Edit: This command is being submitted via the Hue interface, as an Oozie workflow.
Thank you!
Michael Reynolds
import --connect jdbc:mysql://irbasedw-${shard}.db.impactradius.net:3417/irbasedw_${shard}?dontTrackOpenResources=true&defaultFetchSize=10000&useCursorFetch=true --username iretl --password-file /irdw/${env}/lib/.passwordBaseDw --table agg_daily_activity_performance_stage -m 1 --query "SELECT SUM(click_count) FROM agg_daily_activity_performance_stage WHERE \$CONDITIONS GROUP BY 1" --target-dir /irdw/${env}/legacy/agg/activity_performance/text/shard_${shard}
------------
3881 [main] ERROR org.apache.sqoop.tool.BaseSqoopTool - Error parsing arguments for import: 3881 [main] ERROR org.apache.sqoop.tool.BaseSqoopTool - Unrecognized argument: SUM(click_count) 3881 [main] ERROR org.apache.sqoop.tool.BaseSqoopTool - Unrecognized argument: FROM 3882 [main] ERROR org.apache.sqoop.tool.BaseSqoopTool - Unrecognized argument: agg_daily_activity_performance_stage 3882 [main] ERROR org.apache.sqoop.tool.BaseSqoopTool - Unrecognized argument: WHERE 3882 [main] ERROR org.apache.sqoop.tool.BaseSqoopTool - Unrecognized argument: \$CONDITIONS 3882 [main] ERROR org.apache.sqoop.tool.BaseSqoopTool - Unrecognized argument: GROUP 3882 [main] ERROR org.apache.sqoop.tool.BaseSqoopTool - Unrecognized argument: BY 3882 [main] ERROR org.apache.sqoop.tool.BaseSqoopTool - Unrecognized argument: 1" 3882 [main] ERROR org.apache.sqoop.tool.BaseSqoopTool - Unrecognized argument: --target-dir 3882 [main] ERROR org.apache.sqoop.tool.BaseSqoopTool - Unrecognized argument: /irdw/test/legacy/agg/activity_performance/text/shard_0
Created 09-15-2014 04:04 PM
I was able to get this working. The solution is to submit all of the query elements as separate arguments. Nothing should be in the "Command" window. Instead, starting with "import" as the first argument, enter each part of the query as a separate argument. Properties and values for each element are entered as separate arguments. For example:
arg: import arg: --connect arg: jdbc:mysql.... arg: --username arg: [username] arg: --password-file arg: [password file] arg: --query arg: select ..... arg: --target-dir arg: [target]

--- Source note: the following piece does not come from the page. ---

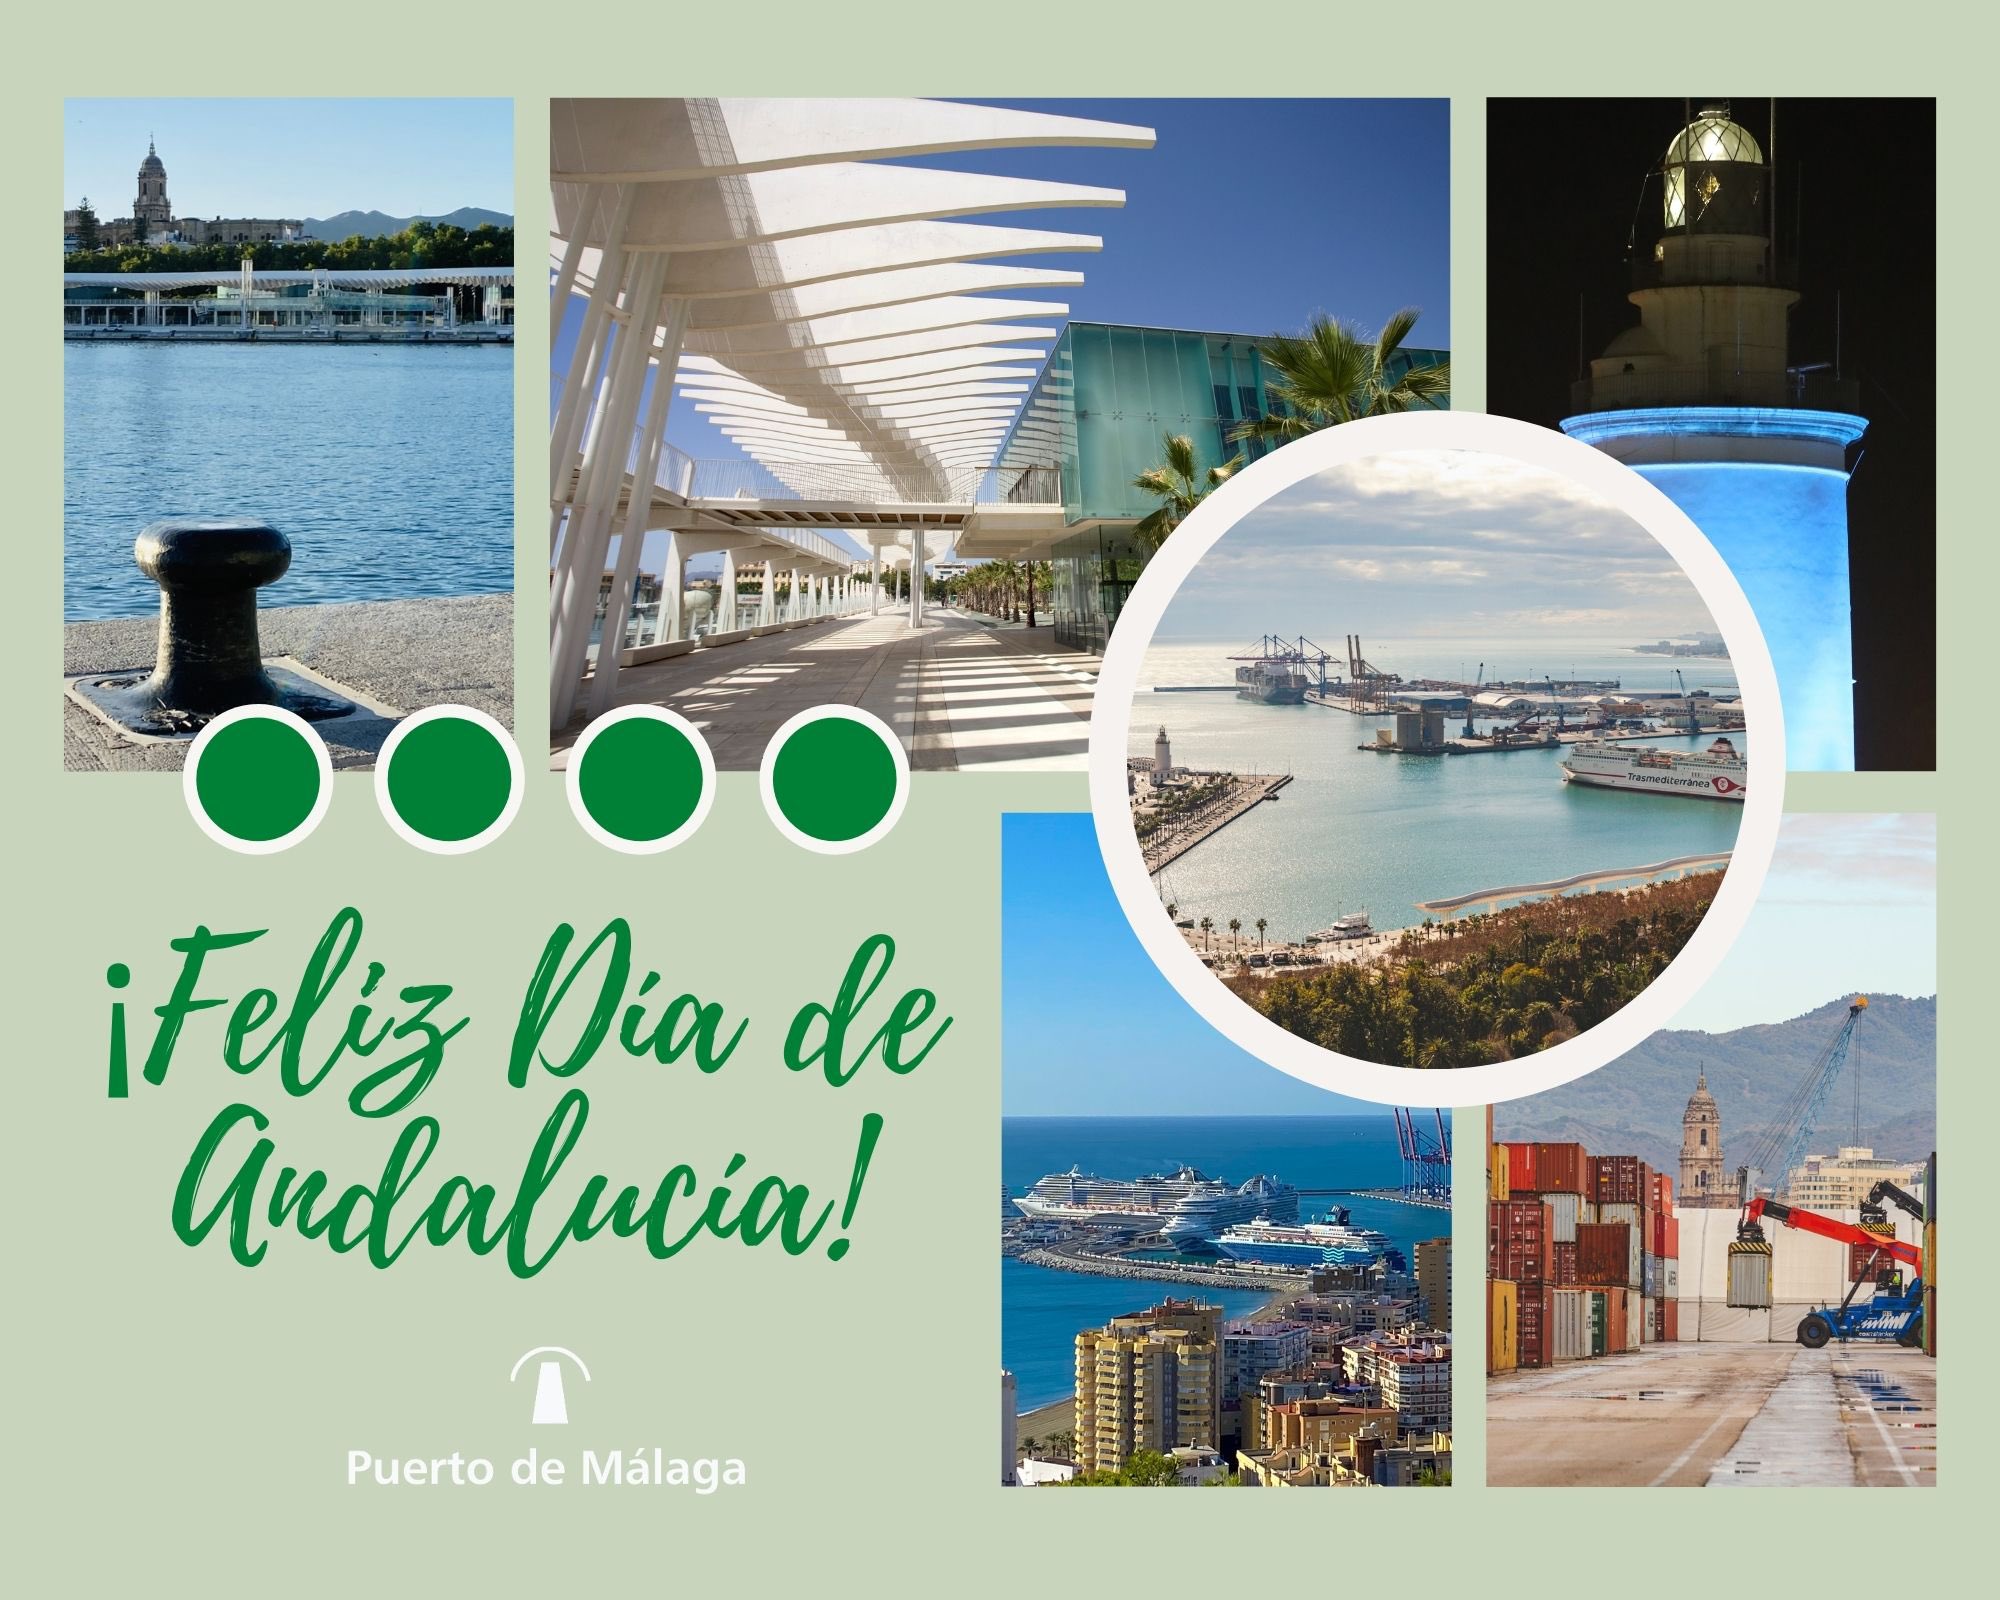 Los puertos de la región se suman a la felicitación por el Día de Andalucía

The workflow performs as expected.
Michael Reynolds
Created 09-15-2014 04:04 PM
I was able to get this working. The solution is to submit all of the query elements as separate arguments. Nothing should be in the "Command" window. Instead, starting with "import" as the first argument, enter each part of the query as a separate argument. Properties and values for each element are entered as separate arguments. For example:
arg: import arg: --connect arg: jdbc:mysql.... arg: --username arg: [username] arg: --password-file arg: [password file] arg: --query arg: select ..... arg: --target-dir arg: [target]
The workflow performs as expected.
Michael Reynolds
Created 12-14-2017 12:13 AM
MReynolds:thanks a lot! solved my big problem!